Every single use of the Ascii type in the Rust distribution is only to use the to_lowercase or to_uppercase method, then immediately convert back to u8 or char.

Detailed design

The Ascii type as well as the AsciiCast, OwnedAsciiCast, AsciiStr, and IntoBytes traits should be copied into a new ascii Cargo package on crates.io. The std::ascii copy should be deprecated and removed at some point before Rust 1.0.

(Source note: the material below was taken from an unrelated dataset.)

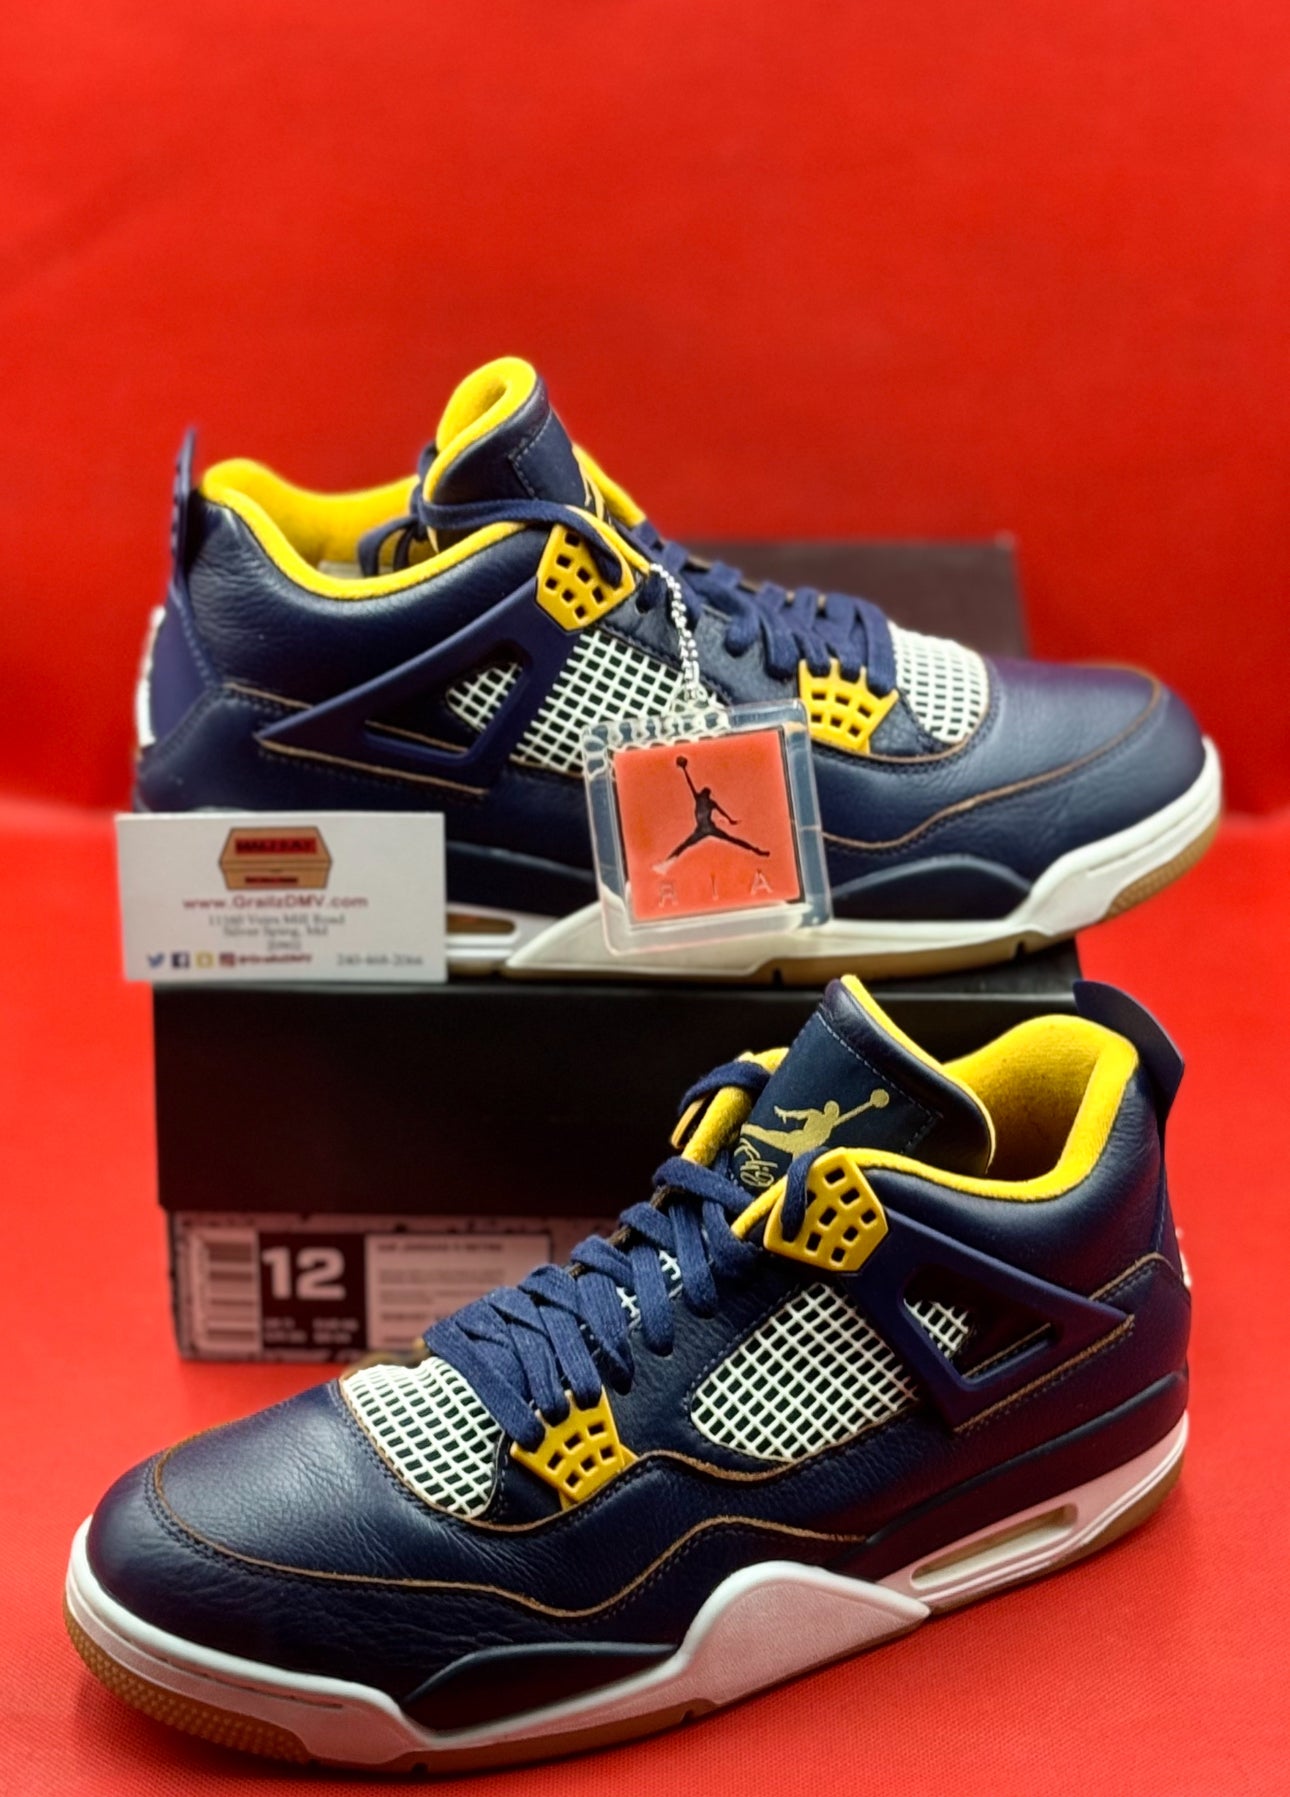 Dunk From Above 4s Size 12

Currently, the AsciiExt trait is:

pub trait AsciiExt<T> {
    fn to_ascii_upper(&self) -> T;
    fn to_ascii_lower(&self) -> T;
    fn eq_ignore_ascii_case(&self, other: &Self) -> bool;
}

impl AsciiExt<String> for str { ... }
impl AsciiExt<Vec<u8>> for [u8] { ... }

It should gain new methods for the functionality that is being removed with Ascii, be implemented for u8 and char, and (if this is stable enough yet) use an associated type instead of the T parameter:

pub trait AsciiExt {
    type Owned = Self;
    fn to_ascii_upper(&self) -> Owned;
    fn to_ascii_lower(&self) -> Owned;
    fn eq_ignore_ascii_case(&self, other: &Self) -> bool;
    fn is_ascii(&self) -> bool;

    // Maybe? See unresolved questions
    fn is_ascii_lowercase(&self) -> bool;
    fn is_ascii_uppercase(&self) -> bool;
    ...
}

impl AsciiExt for str { type Owned = String; ... }
impl AsciiExt for [u8] { type Owned = Vec<u8>; ... }
impl AsciiExt char { ... }
impl AsciiExt u8 { ... }

The OwnedAsciiExt trait should stay as it is:

pub trait OwnedAsciiExt {
    fn into_ascii_upper(self) -> Self;
    fn into_ascii_lower(self) -> Self;
}

impl OwnedAsciiExt for String { ... }
impl OwnedAsciiExt for Vec<u8> { ... }

The std::ascii::escape_default function has little to do with ASCII. I think it’s relevant to b'x' and b"foo" byte literals, which have types u8 and &'static [u8]. I suggest moving it into std::u8.

I (@SimonSapin) can help with the implementation work.

Drawbacks

Code using Ascii (not only for e.g. to_lowercase) would need to install a Cargo package to get it. This is strictly more work than having it in std, but should still be easy.

Alternatives

Unresolved questions